Assigned task >> Only the pictures should be left out; write out all other data exactly.

Data shown >>
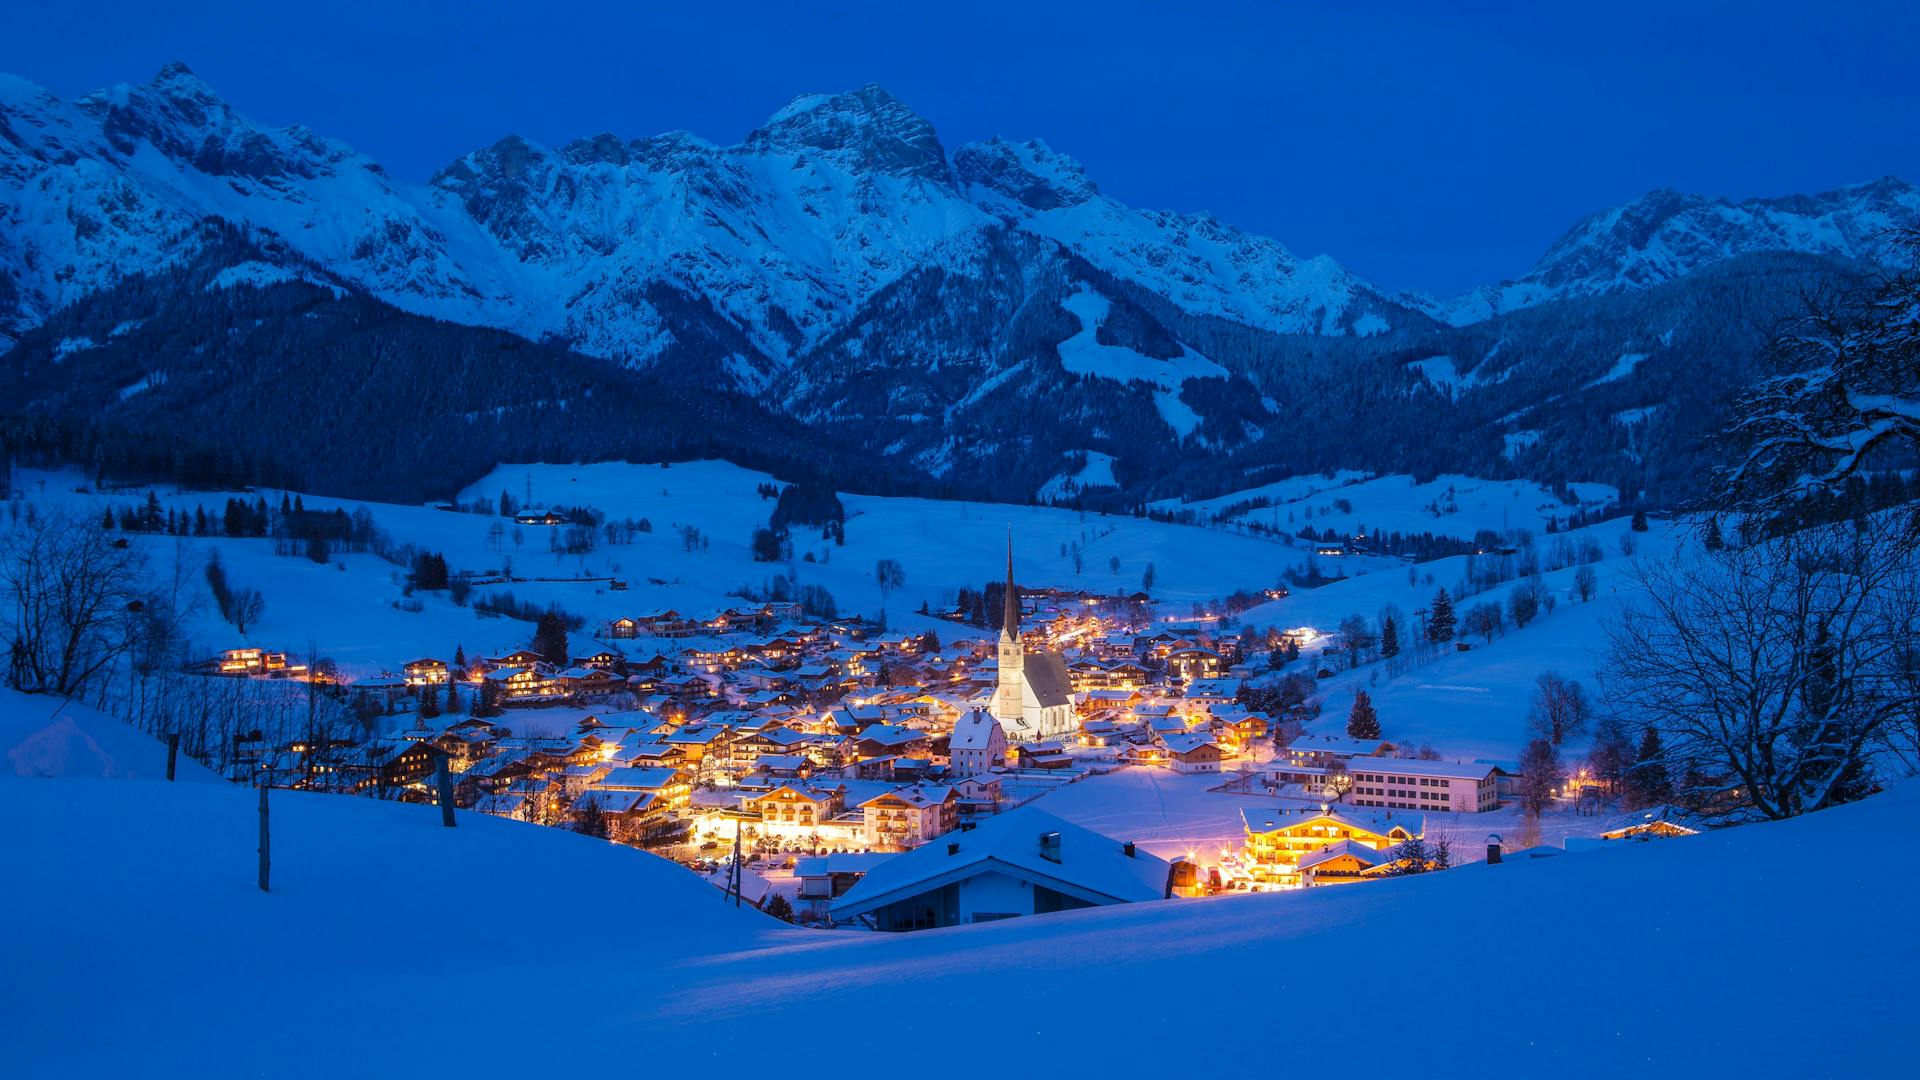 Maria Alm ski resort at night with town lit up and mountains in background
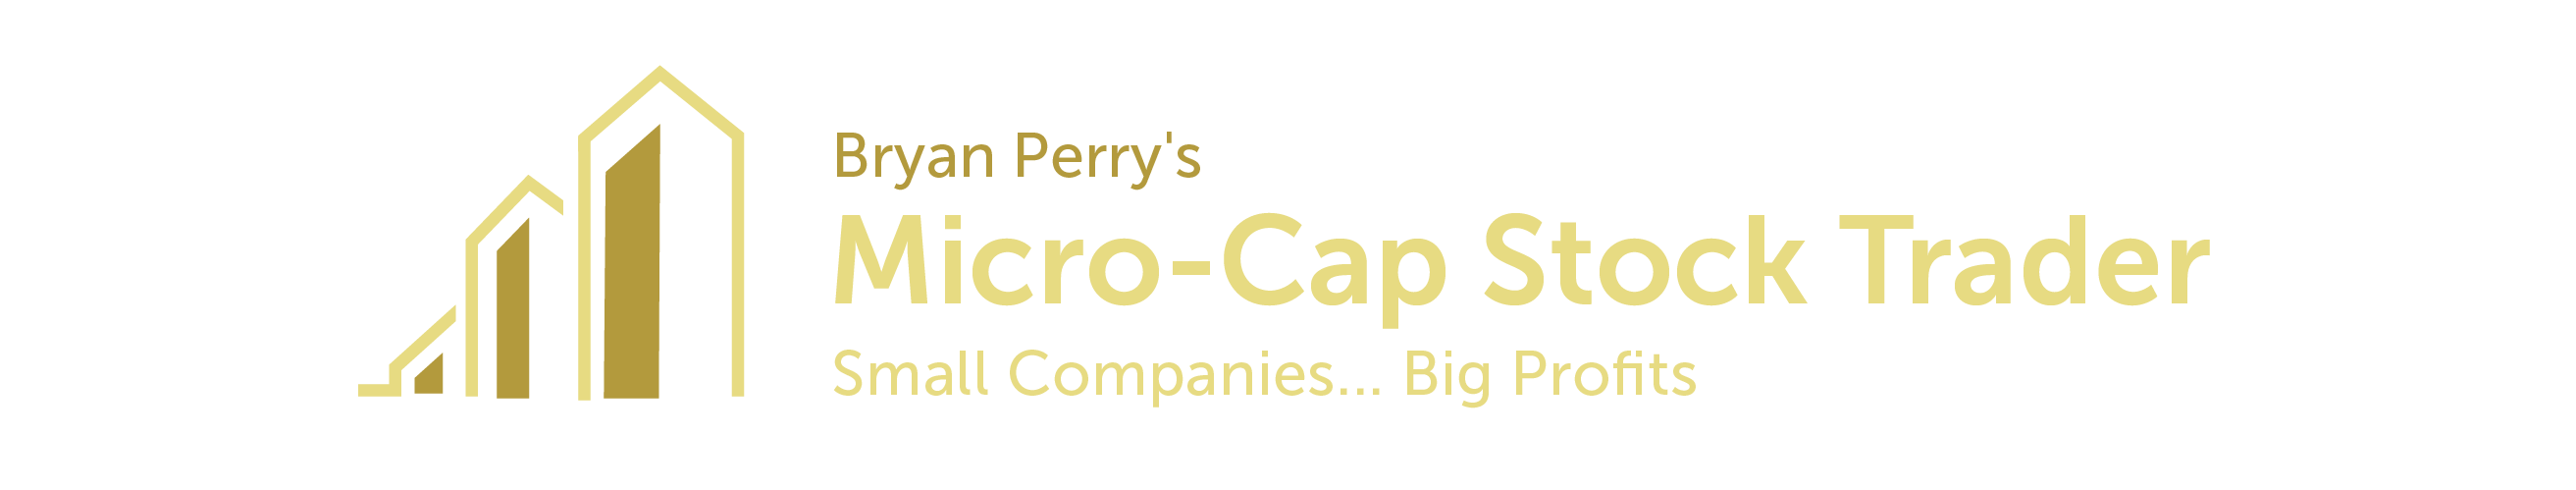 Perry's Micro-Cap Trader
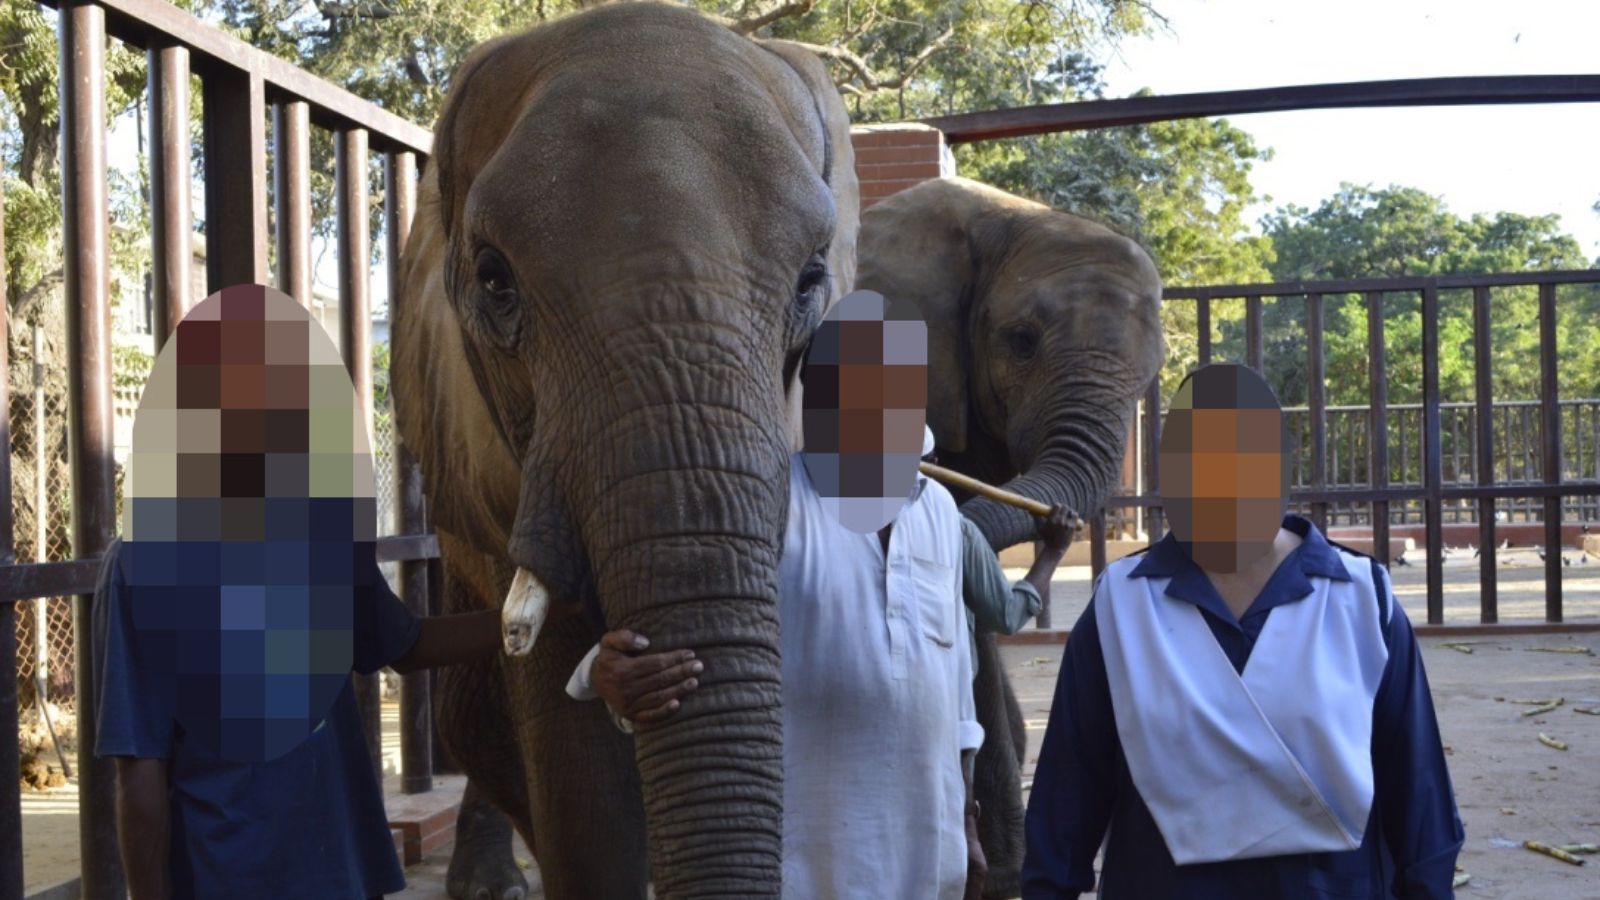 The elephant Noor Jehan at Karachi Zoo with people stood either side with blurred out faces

Task answer >>
 Maria Alm ski resort at night with town lit up and mountains in background
 Perry's Micro-Cap Trader
 The elephant Noor Jehan at Karachi Zoo with people stood either side with blurred out faces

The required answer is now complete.